In the opposition bloc INDIA, formed in mid-2023 to jointly take on BJP in parliamentary elections of 2024, Congress is the only party with a pan-India presence.
While opposition parties could not prevent BJP from returning to power in the general elections two years ago, they succeeded in keeping the Modi-led party from securing a majority on its own.
Congress is now in power in three Himachal Pradesh, Telangana and Karnataka and is set to form a government in Kerala.
With Congress and other opposition parties competing with each other to position themselves as the leader of the anti-BJP combine, it has the potential to set off fresh equations in INDIA.
The emergence of caste-based regional parties, for which regional flavour is more important than national issues, has come at the expense of weakened pan-India parties like Congress and BJP since late 1980s.
Since the start of coalition politics and governance at the Centre, the national parties' dependence on regional parties is critical for survival particularly when the lead party lacks majority on its own like the incumbent Modi government is.

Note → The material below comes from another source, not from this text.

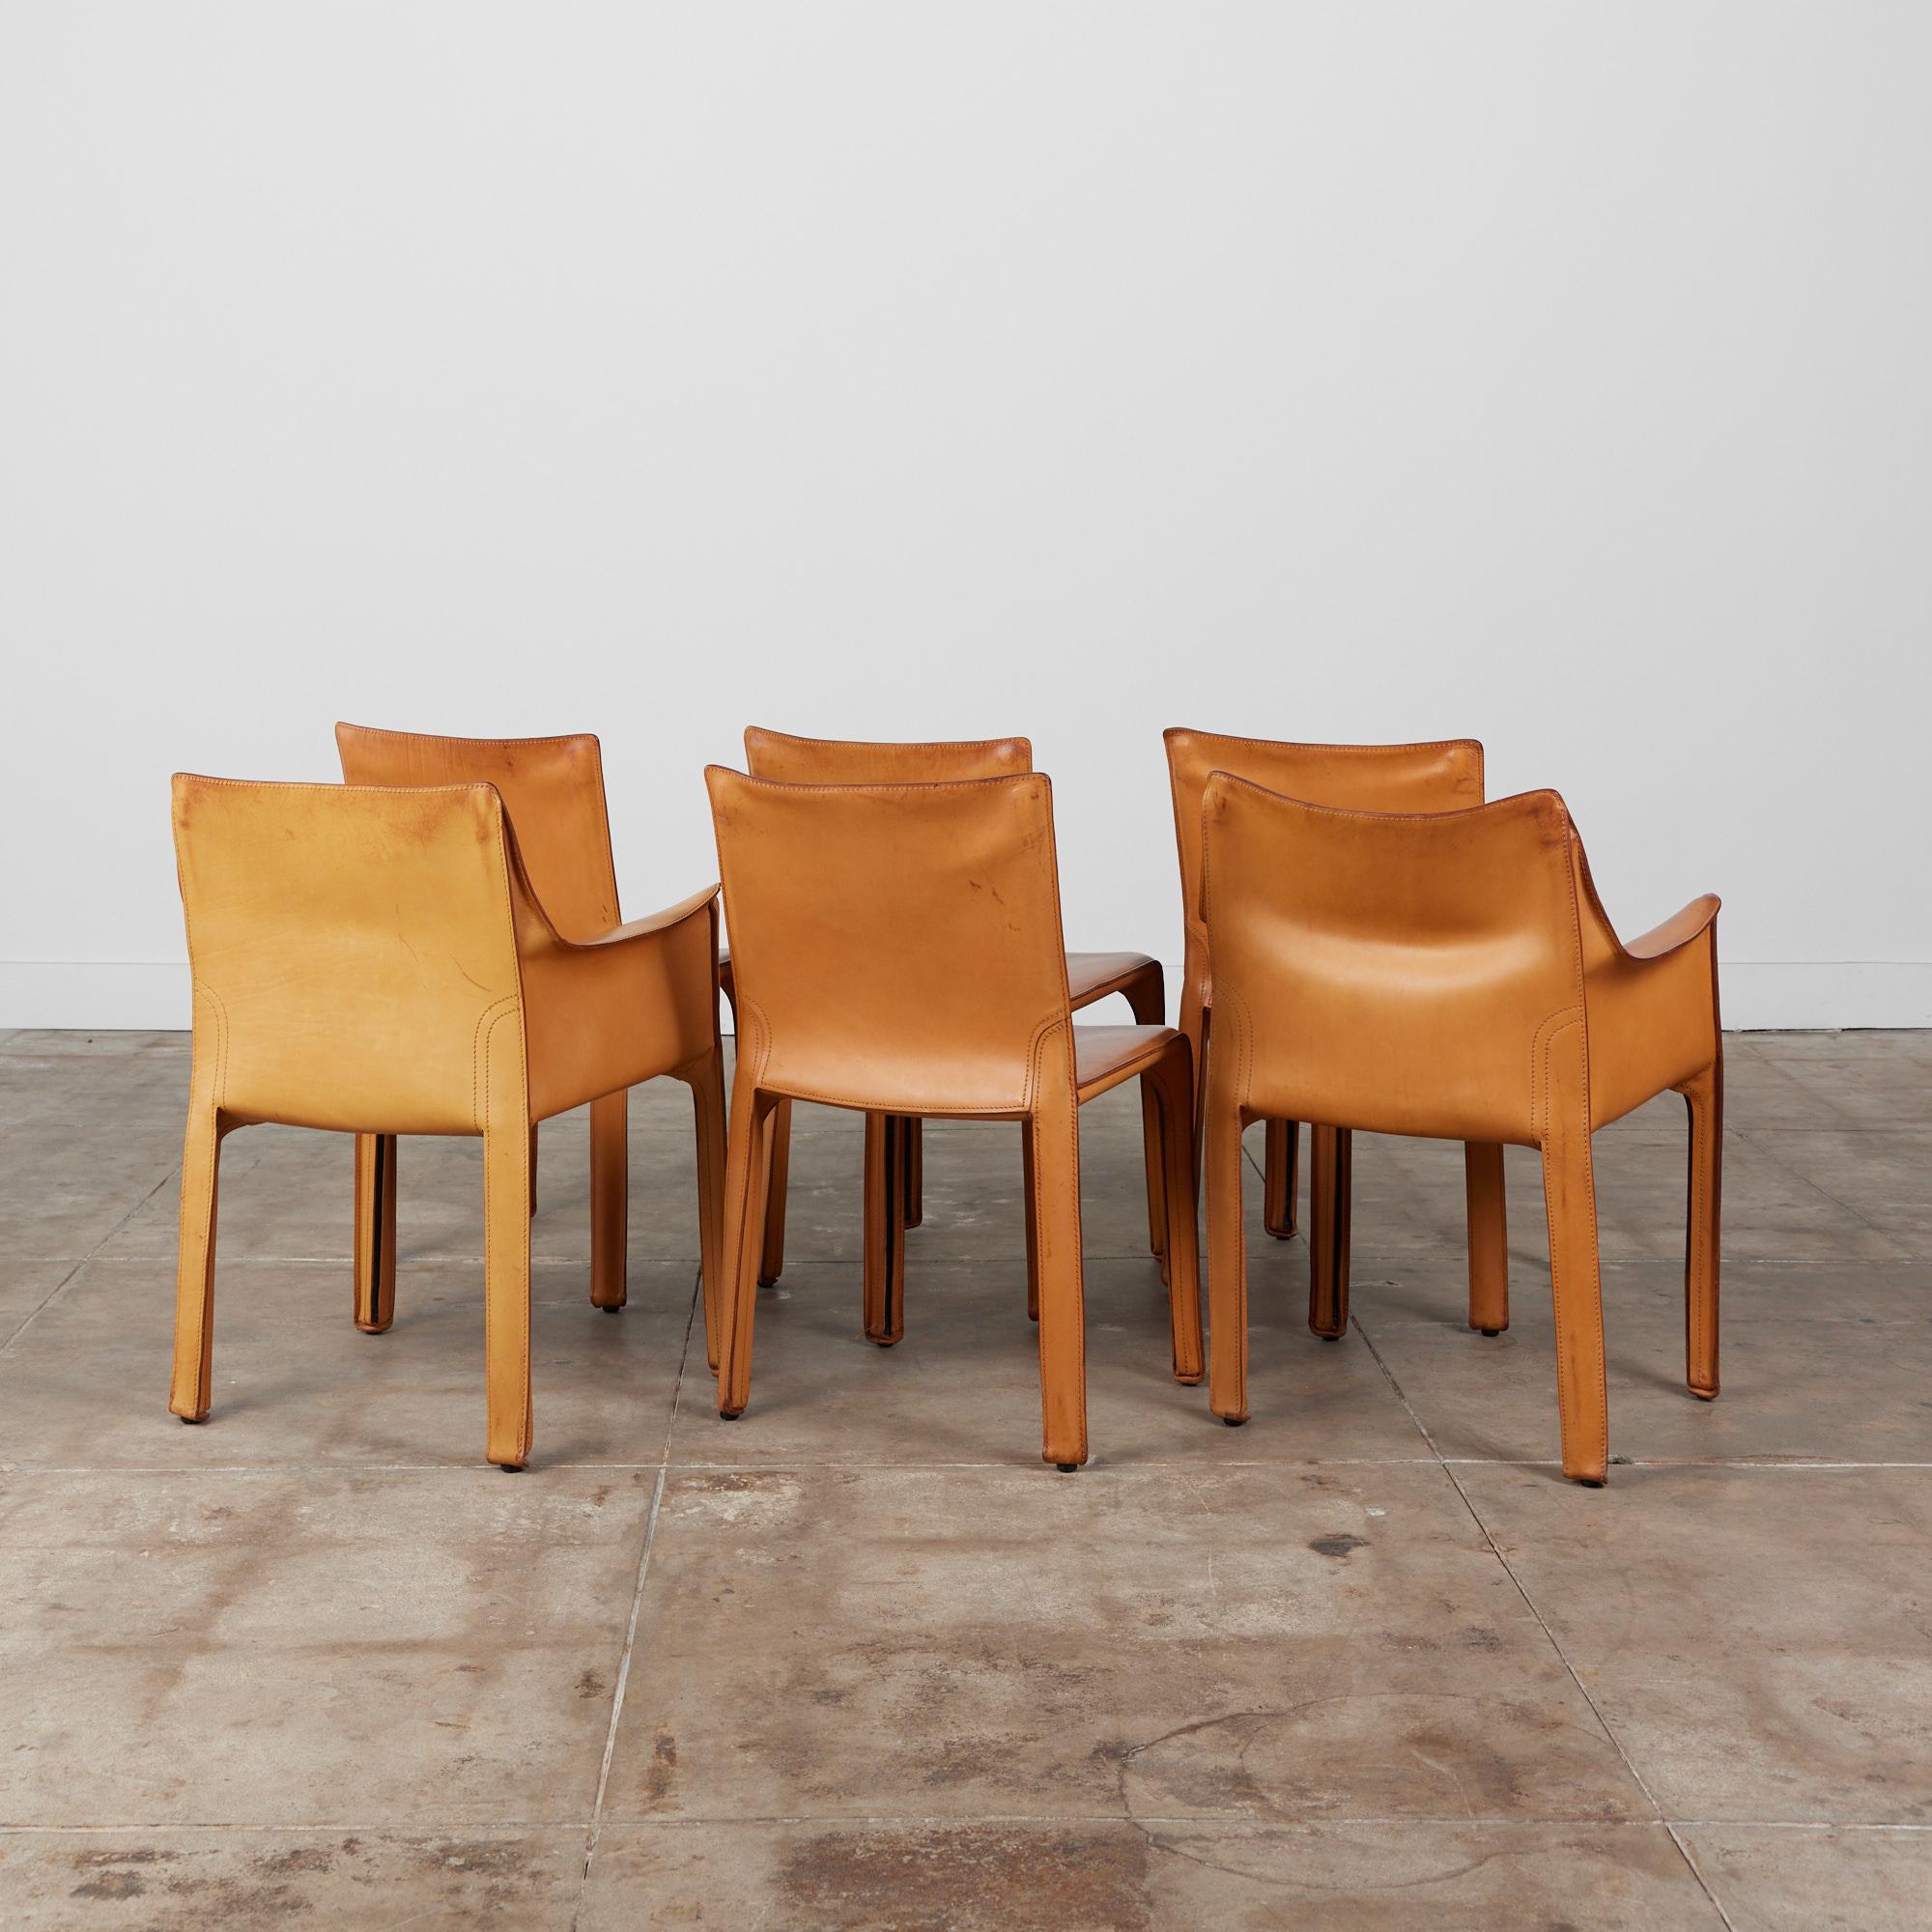 Steel Set of Six Mario Bellini Cab Chairs for Cassina
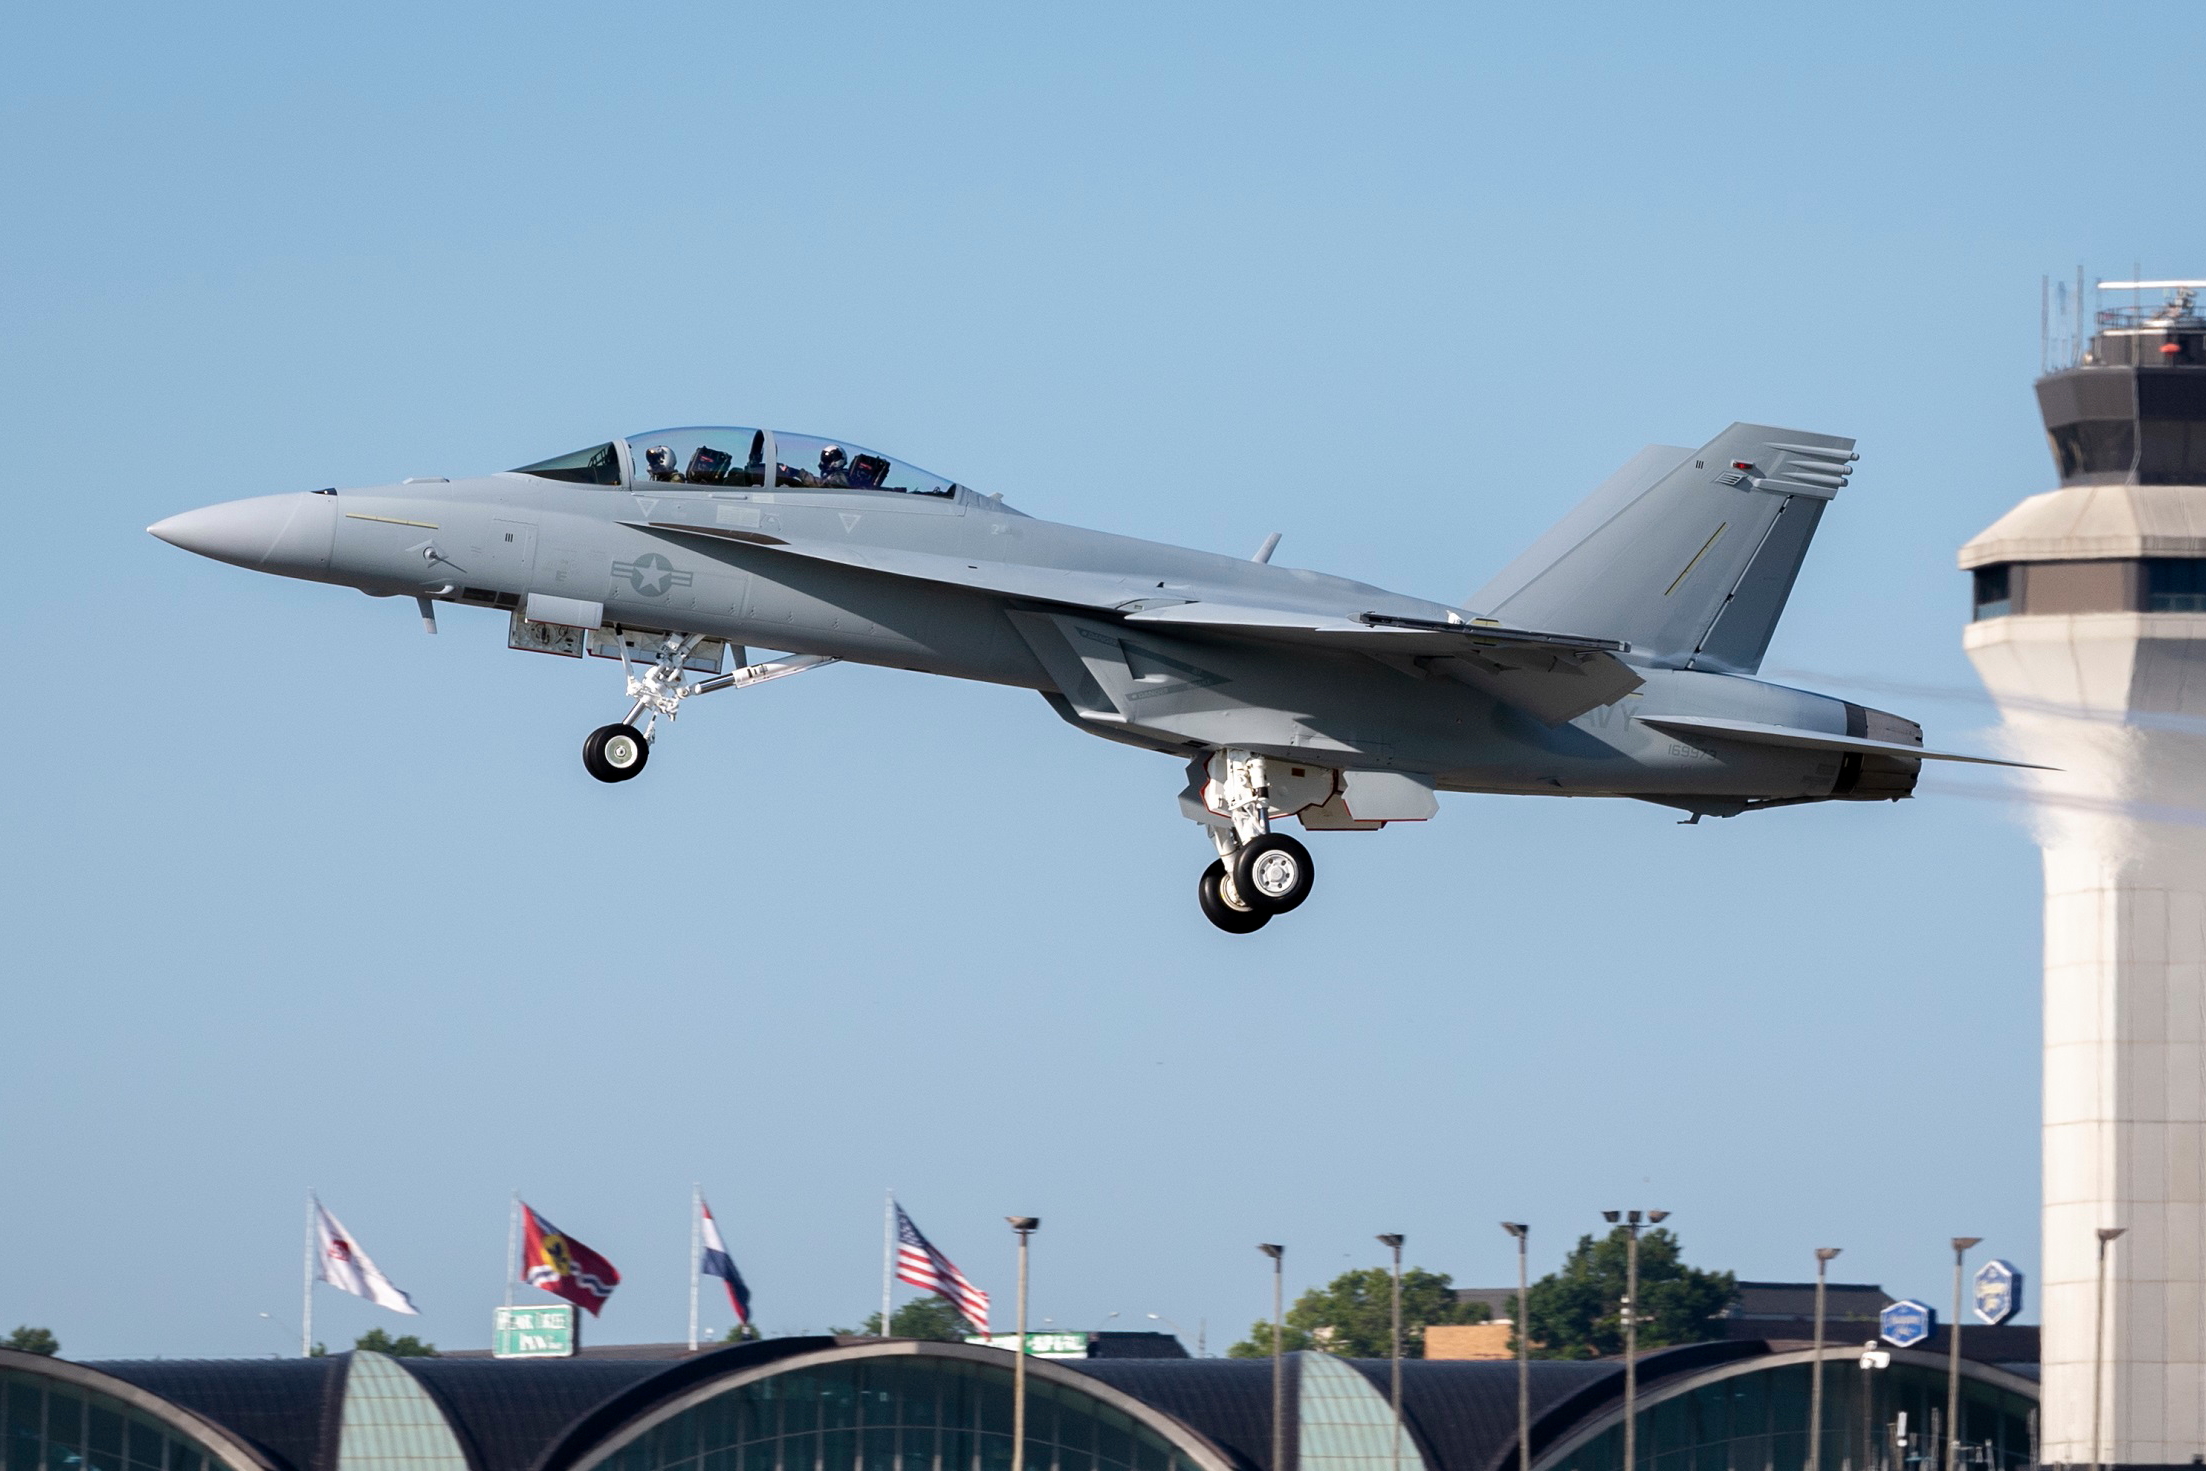 Boeing has delivered the first of 78 contracted Block III F/A-18 Super Hornets to the U.S. Navy. Block III gives the Navy the most networked and survivable F/A-18 built with a technology insertion plan designed to outpace future threats. Click to enlarge.

Over the last few years, BJP has expanded its hold across 21 states in India as the regional parties fell into decline.
Only South India has been largely elusive for BJP, barring for a brief period in Karnataka.
The states where regional parties are still holding on to power are Andhra Pradesh (Telugu Desam Party, an ally of BJP), Sikkim, Mizoram, Nagaland and Meghalaya.
The political importance lies in whether the issue moves from public comment into formal action, party response, court record, election authority notice or administrative decision.